An agent-turned-whistleblower informed the House select panel on the weaponization of the federal government that the FBI issued a threat tag. This happened after the Supreme Court overturned Roe v. Wade last year, but it “changed” to focus on pro-life groups.
Breaking Cases Into Multiple Files
FBI Special Agent Garret O’Boyle, from the Kansas City Field Office Wichita Unit, stated the FBI ordered him to break one domestic terrorism file into “four other cases” to show Congress an inflow of cases.
O’Boyle claimed the FBI devised the threat tag “THREATSTOSCOTUS2022” for the pro-life assignment, following the high court’s ruling which reversed Roe v. Wade and restored abortion to the states.
FBI Special Agent Garret O’Boyle also said the FBI made him divide one domestic terrorism case into "four different cases," in what he described as an effort by the bureau to be able to show Congress an influx of domestic terrorism cases https://t.co/LVB2oB6GZI
— Peter J. Hasson (@peterjhasson) March 2, 2023
After the judgment, O’Boyle argued the threat tag was justified since intimidating a Supreme Court officer is a federal felony. The FBI has tracked similar incidents using tags.
O’Boyle noted this threat tag moved to pro-life adherence.
He asked the panel, “Why are you focused on pro-life individuals?” in a transcript acquired by Fox News Digital. Pro-choice activists protest or threaten Supreme Court judges’ homes.
O’Boyle stated the FBI wanted investigators to investigate pregnancy facilities.
They would be threatened because people felt abortion was suddenly prohibited, but it was only referred back to the states, he said, noting the assignment seemed unusual at the time.
Then, O’Boyle was given a request for a collection and told to ask his sensitive human source, which he stated was pro-life, many questions concerning Supreme Court threats.
FBI Special Agent Garret O’Boyle, from the Kansas City Field Office, said the FBI made him divide one domestic terrorism case into "four different cases," in what he described as an effort by the bureau to be able to show Congress an influx of domestic terrorism cases.
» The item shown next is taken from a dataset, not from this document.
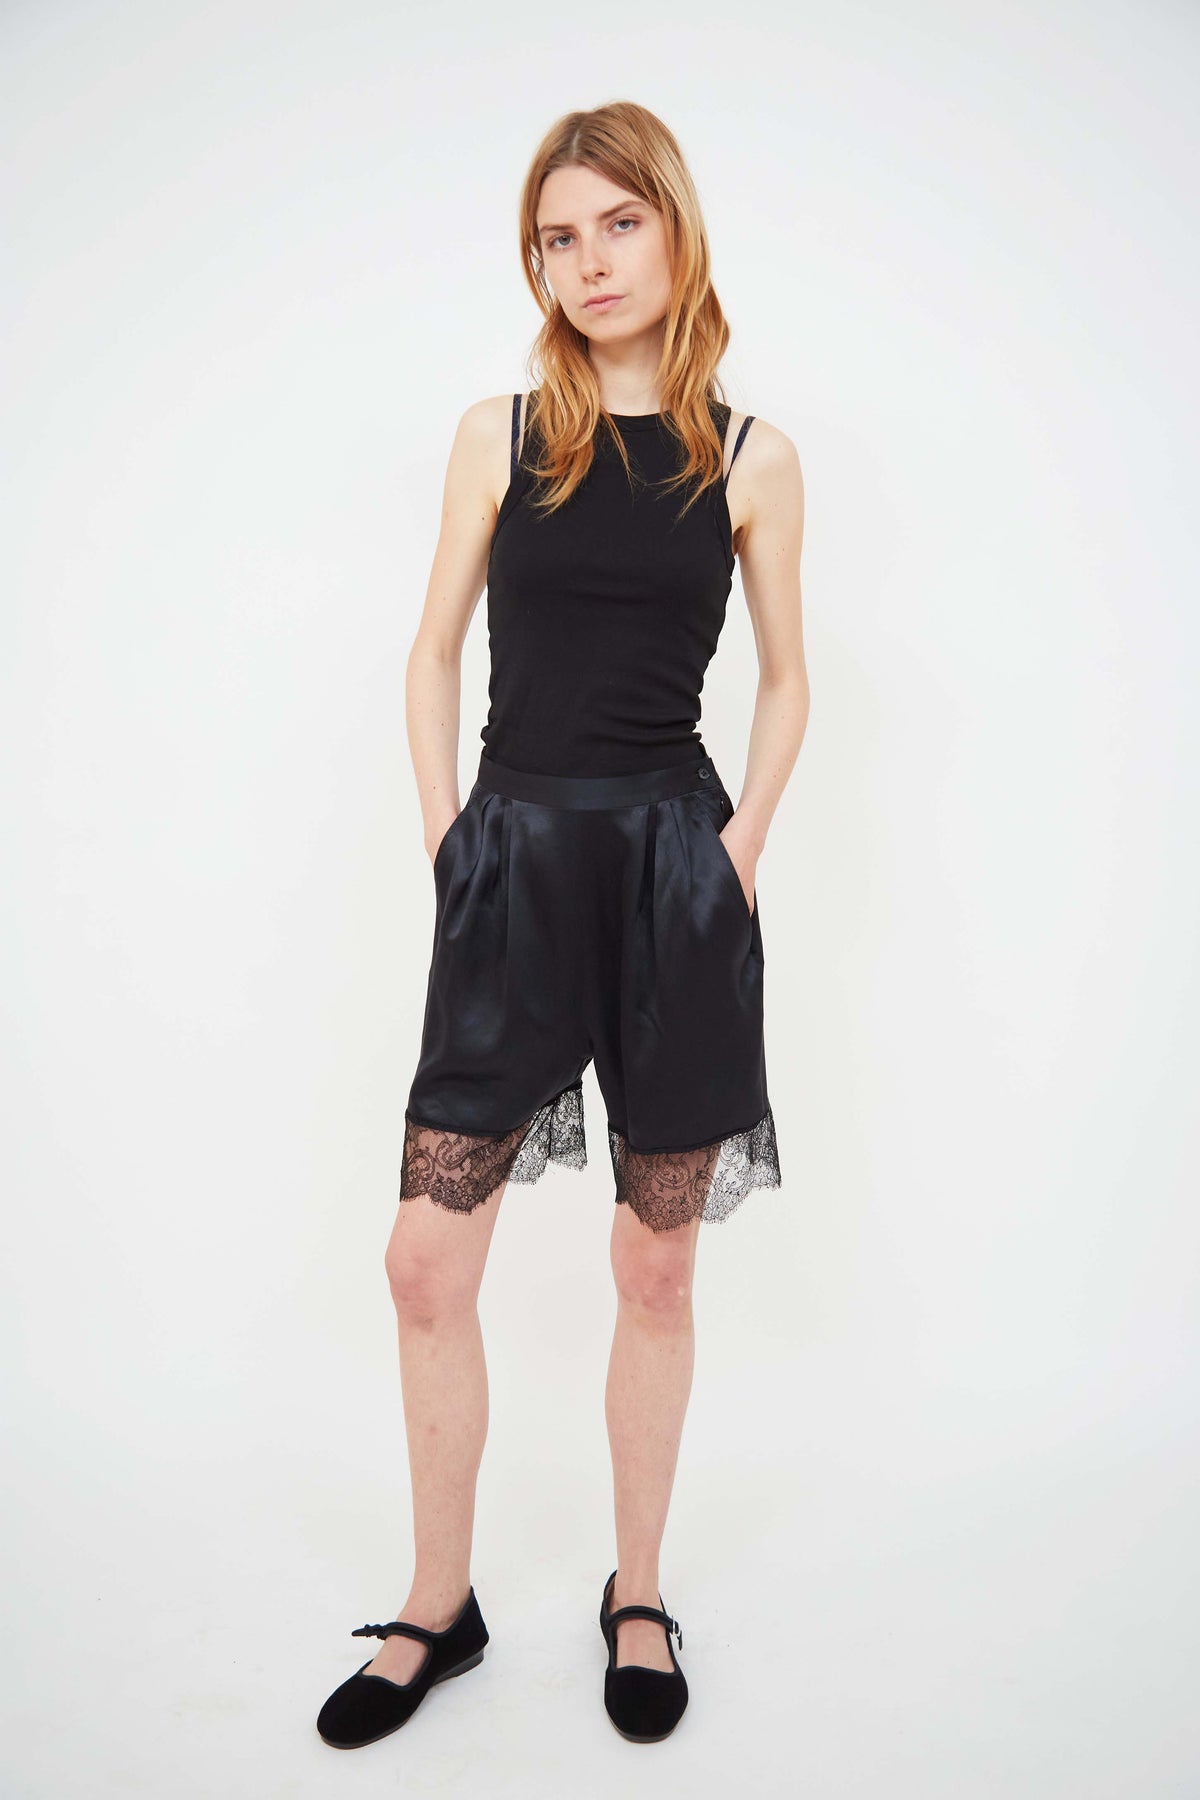 Yves Saint Laurent silk shorts

— Mark Nantz (@BullseyeBanjo) March 2, 2023
O’Boyle alleged the FBI retaliated for his protected disclosures to Congress.
Statement From The FBI
After being suspended, O’Boyle declared the FBI barred him from obtaining his personal items from a Virginia storage firm contracted by the agency. O’Boyle estimates he paid $10,000 to get his stuff from FBI storage.
O’Boyle told the panel that the FBI was being politicized against agents or anyone who wanted to speak out about agency wrongdoing before this. The FBI later informed Fox News Digital that violence and threats are their priority.
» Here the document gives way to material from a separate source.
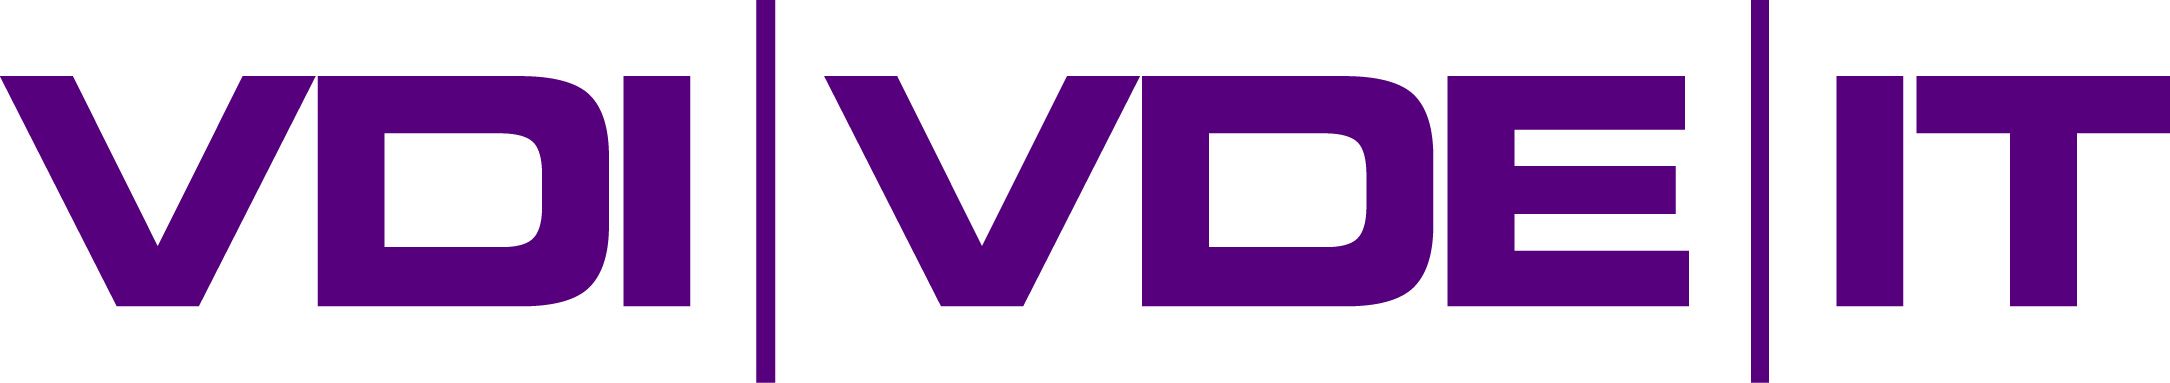 Logo VDIVDE-IT
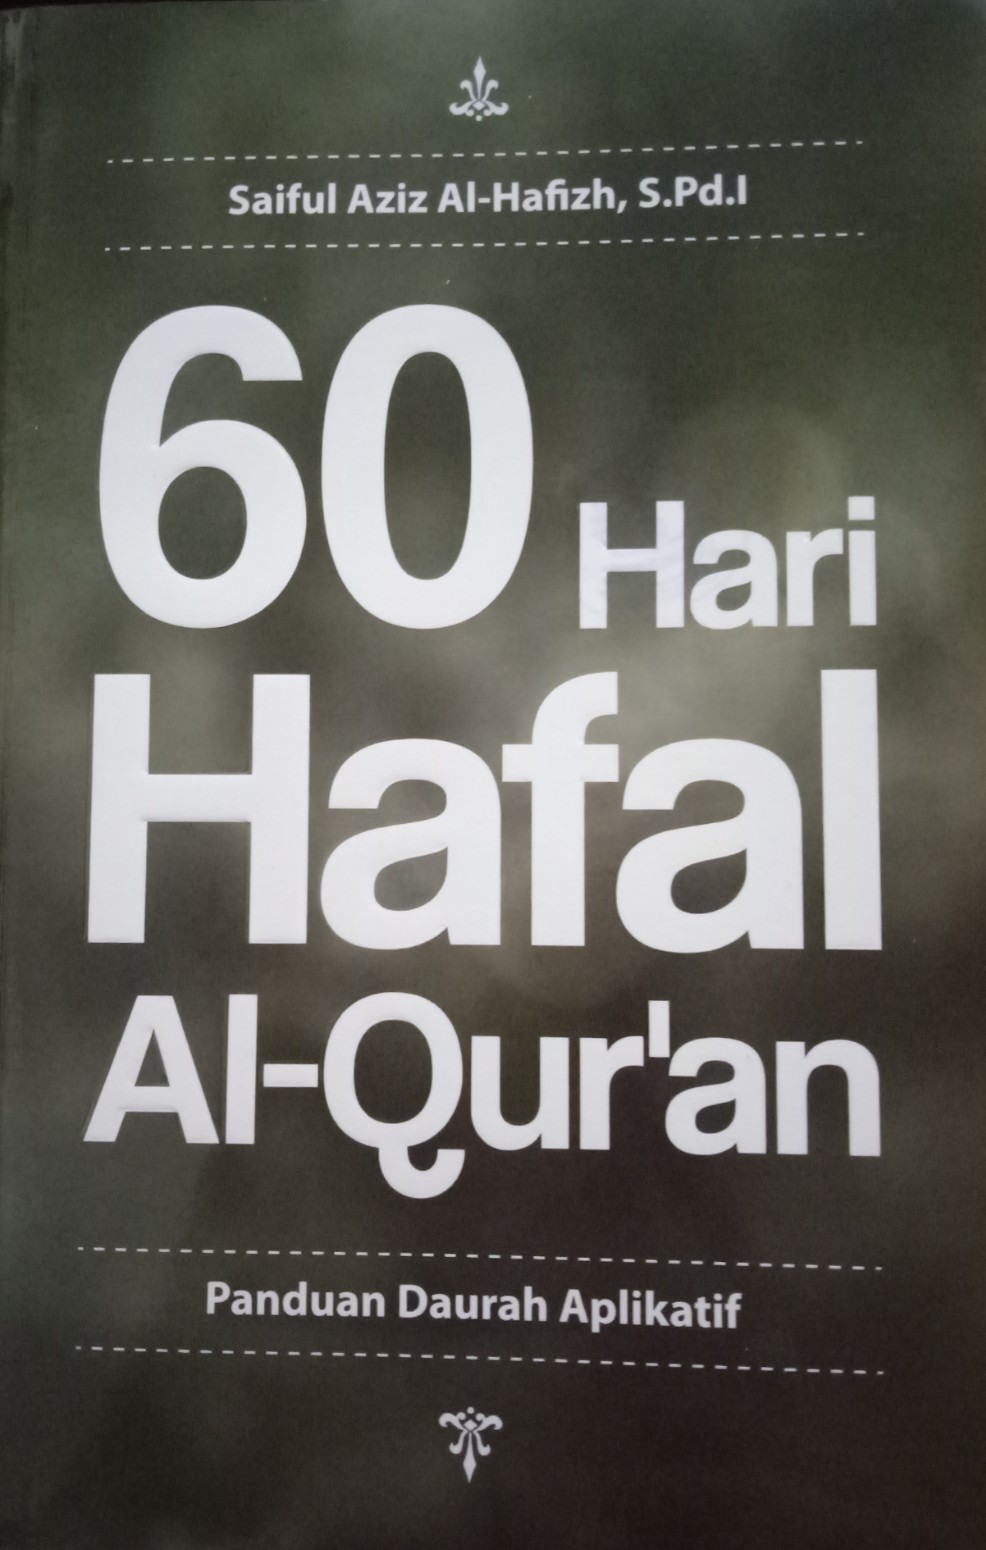 60 HARI HAFAL AL-QUR'AN

The FBI stated it would rigorously investigate any danger or use of violence by someone who cites extreme ideas to justify their acts, regardless of motivation or topic. They don’t investigate political or social ideas.
Shortly thereafter, the agency declined to discuss specific danger tags, but reminded the public of their purpose. It added that tags are statistical tools for data analysis and reporting. Threat tags do not modify the FBI’s threat prioritization or investigative criteria.
The FBI said tags tracked narcotics and human trafficking. The FBI also denied that it manipulates domestic terrorism numbers.
Domestic terrorism needs a probable federal criminal offense and the improper use or threat of violent force to advance political or social goals for the FBI to investigate.
The FBI said it follows the facts and never investigates based on First Amendment behavior.This article appeared in NewsHouse and has been published here with permission.